Authors
Chieh-Yin Wu, Ying-An Chen, Thomas R Ioerger, Yu Lan, Ruo-Ya Bai, Mo-Hua Li, Chen-Hsiang Lee, Jiun-Nong Lin, Susan Shin-Jung Lee, Shun-Tien Chien, Joshua L Warren, Caroline Colijn, Hsiao-Han Chang, Joh-Jong Huang, Ted Cohen, Po-Liang Lu, Hsien-Ho Lin
Published in
The Lancet. Microbe. Pages 101369. Jul 02, 2026. Epub Jul 02, 2026.
Abstract
The epidemiology of tuberculosis in Taiwan has been influenced by the introduction of multiple Mycobacterium tuberculosis lineages and by the ageing of the population. We conducted a population-based study to investigate M tuberculosis transmission in Kaohsiung, a city in southern Taiwan.
In this study, we performed whole-genome sequencing (WGS) of M tuberculosis isolates from all culture-positive cases of tuberculosis notified in Kaohsiung between Jan 1, 2019 and Dec 31, 2023. We obtained routine epidemiological data for each case collected through the national tuberculosis control programme. We characterised the lineage composition of the isolate collection and evaluated genomic clustering of isolates, defined as a difference of 12 or fewer single-nucleotide polymorphisms. Univariable and multivariable logistic regression analyses were performed to estimate the odds of a case belonging to a genomic cluster based on host factors (age, sex, sputum smear status, and residential region) and pathogen factors (drug resistance status and strain lineage). Spatial aggregation of large genomic clusters (including greater than or equal to ten isolates) was assessed using a non-parametric statistical clustering method. We used a Bayesian transmission tree inference method to explore the patterns of age-dependent transmission.
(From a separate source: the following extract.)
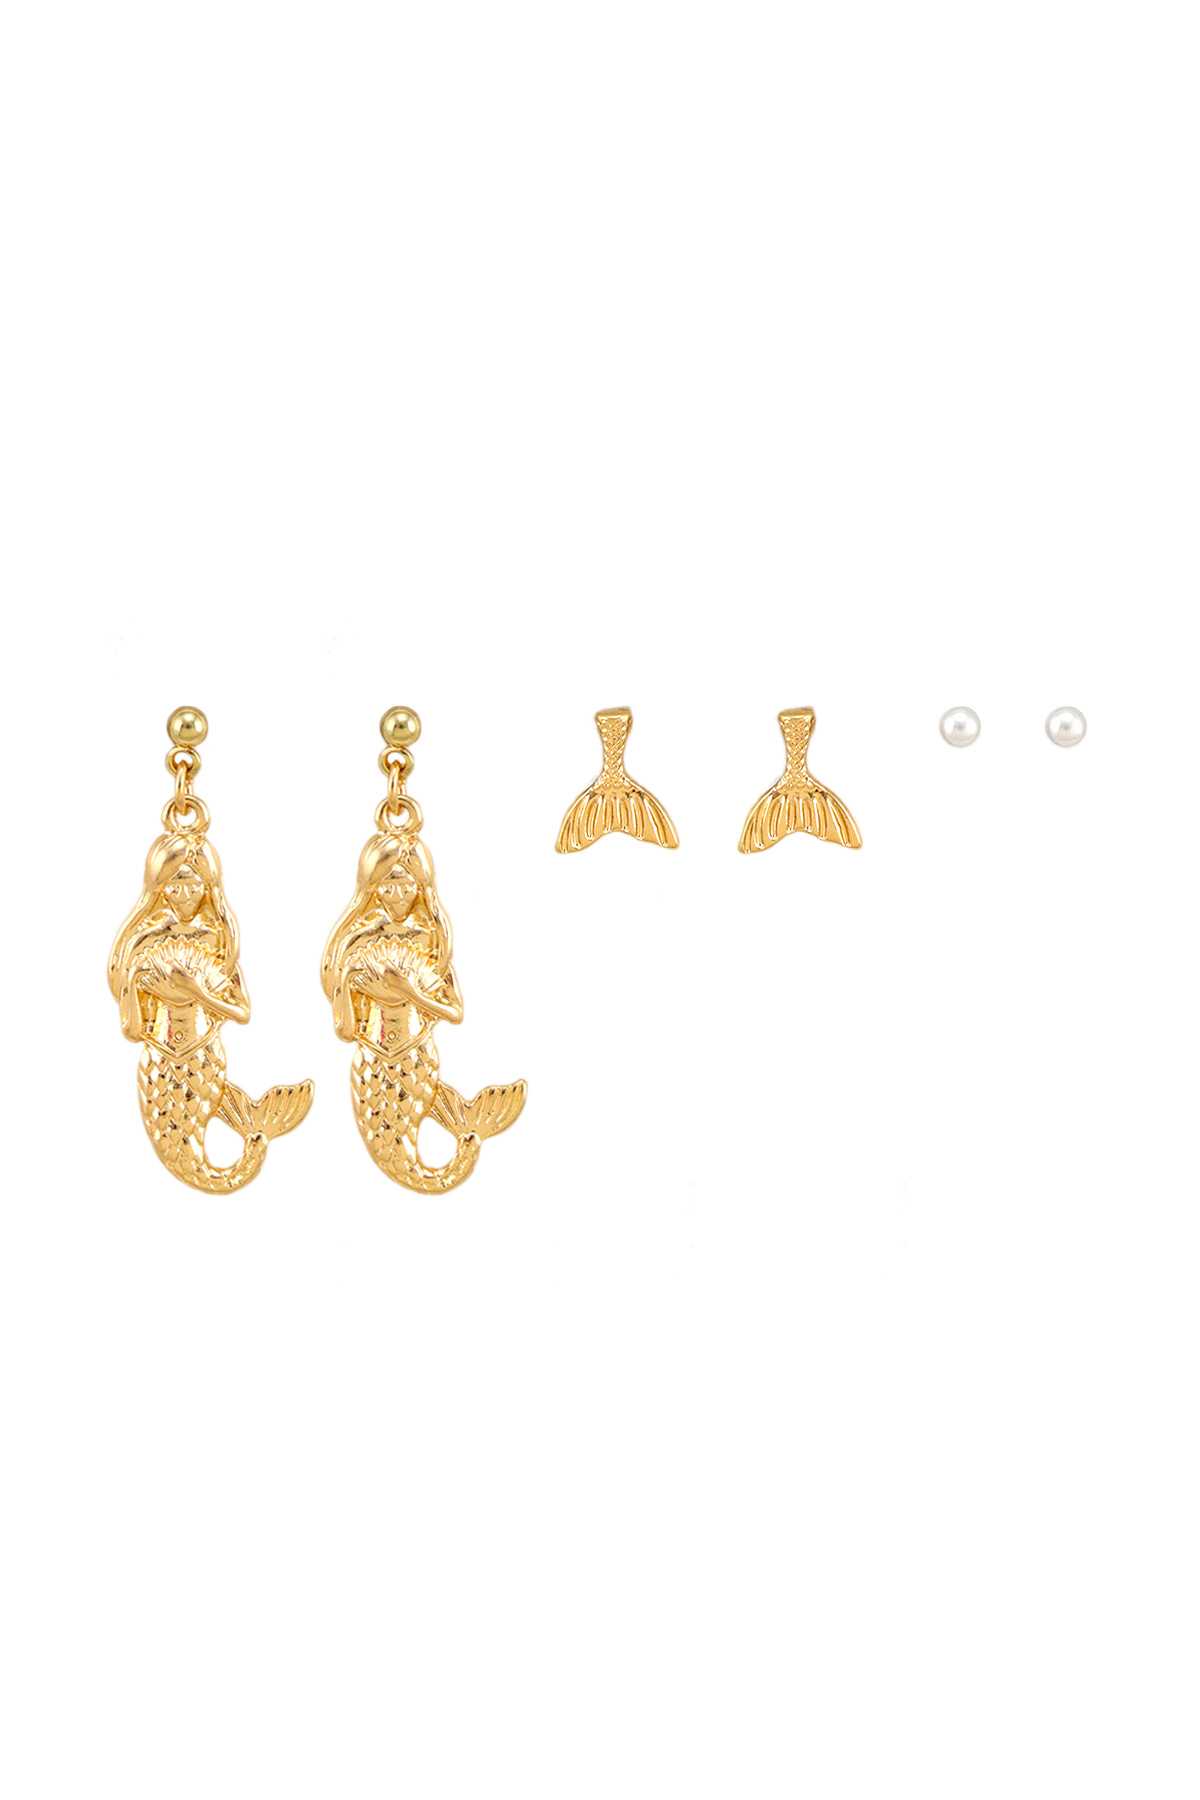 3 Pairs Mermaid and Mermaid Tail Earring Set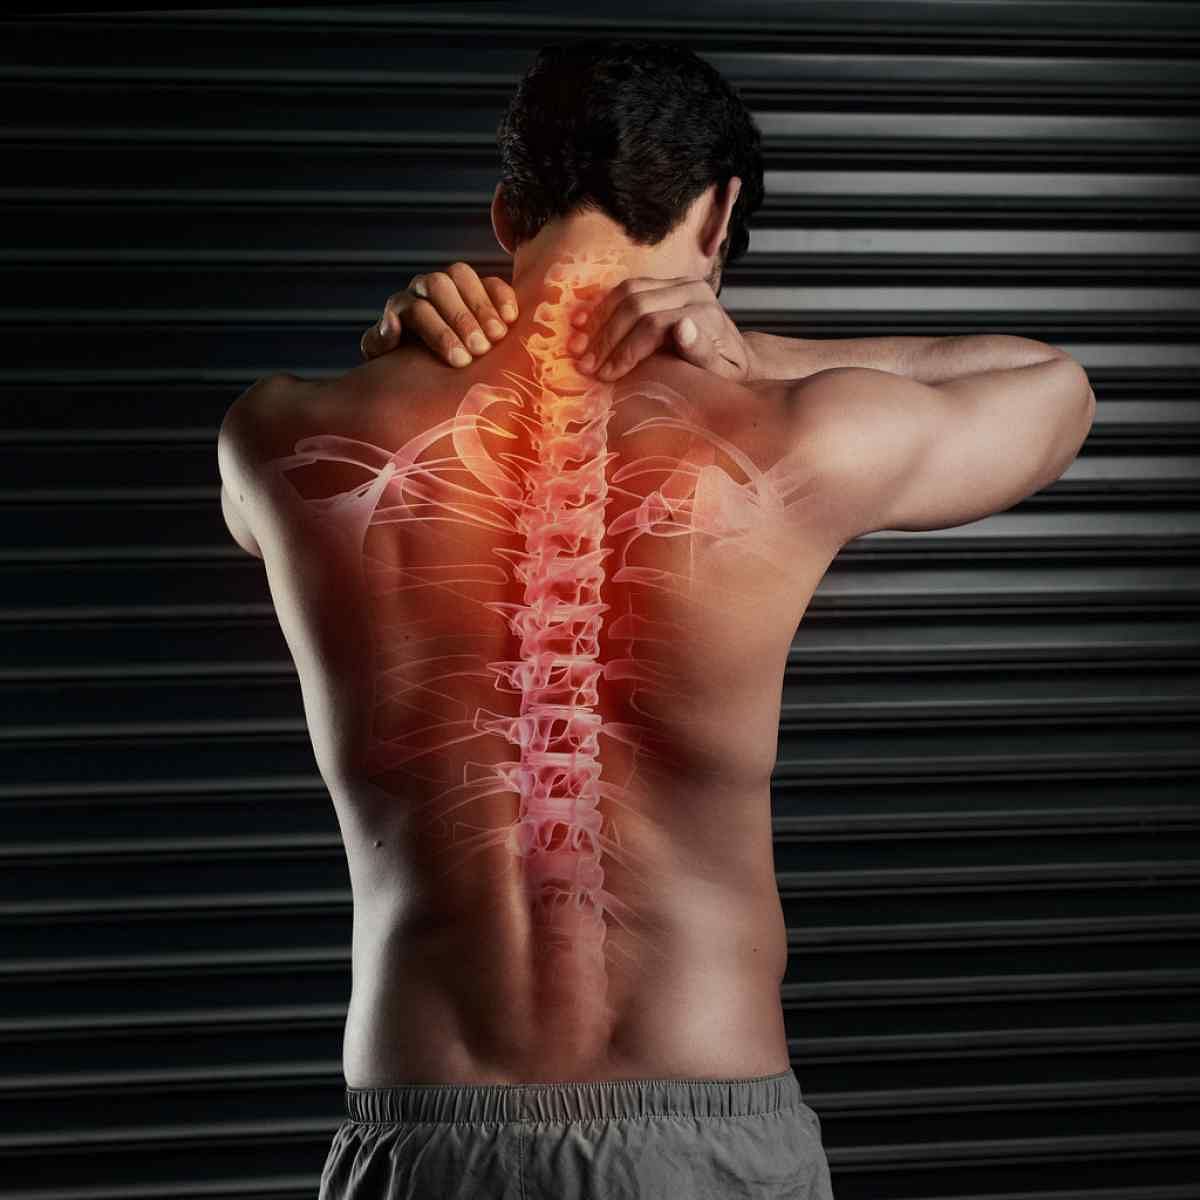 जानिए स्ट्रेस का आपकी हड्डियों और मांसपेशियों पर क्या असर पड़ता है.

During the study period, 5667 tuberculosis cases were notified in Kaohsiung, 4916 (86·7%) of which were culture-positive. Of these 4916 cases, whole-genome sequencing was successfully performed for 4168 (84·8%) isolates. 1219 (29·2%) of 4168 individuals were female and 2947 (70·7%) were male; the median age was 69·7 years (IQR 57·4-80·7). The dominant lineages were lineage 1 (1749 [42·0%] of 4168 isolates), lineage 2 (1510 [36·2%]), and lineage 4 (905 [21·7%]). 1069 (25·6%) of 4168 were genomically linked and formed 287 clusters. Lineage 2 isolates had higher odds (aOR 2·15 [95% CI 1·80-2·52]) than lineage 1 isolates of genomic clustering across all regions, whereas lineage 4 isolates had a significantly higher risk (2·75 [1·16-6·89]) of genomic clustering than lineage 1 only in the rural northeast region, inhabited primarily by indigenous populations. Spatial clustering analysis corroborated these lineage-region interactions. Although younger adults (<35 years) had the highest individual-level odds (5·64 [4·16-7·68]) of clustering in the logistic regression analysis compared with those aged 80 years or older, the transmission inference indicated that individuals aged 55-74 years were responsible for a greater proportion of inferred transmission events, contributing 50·8% of all transmission events.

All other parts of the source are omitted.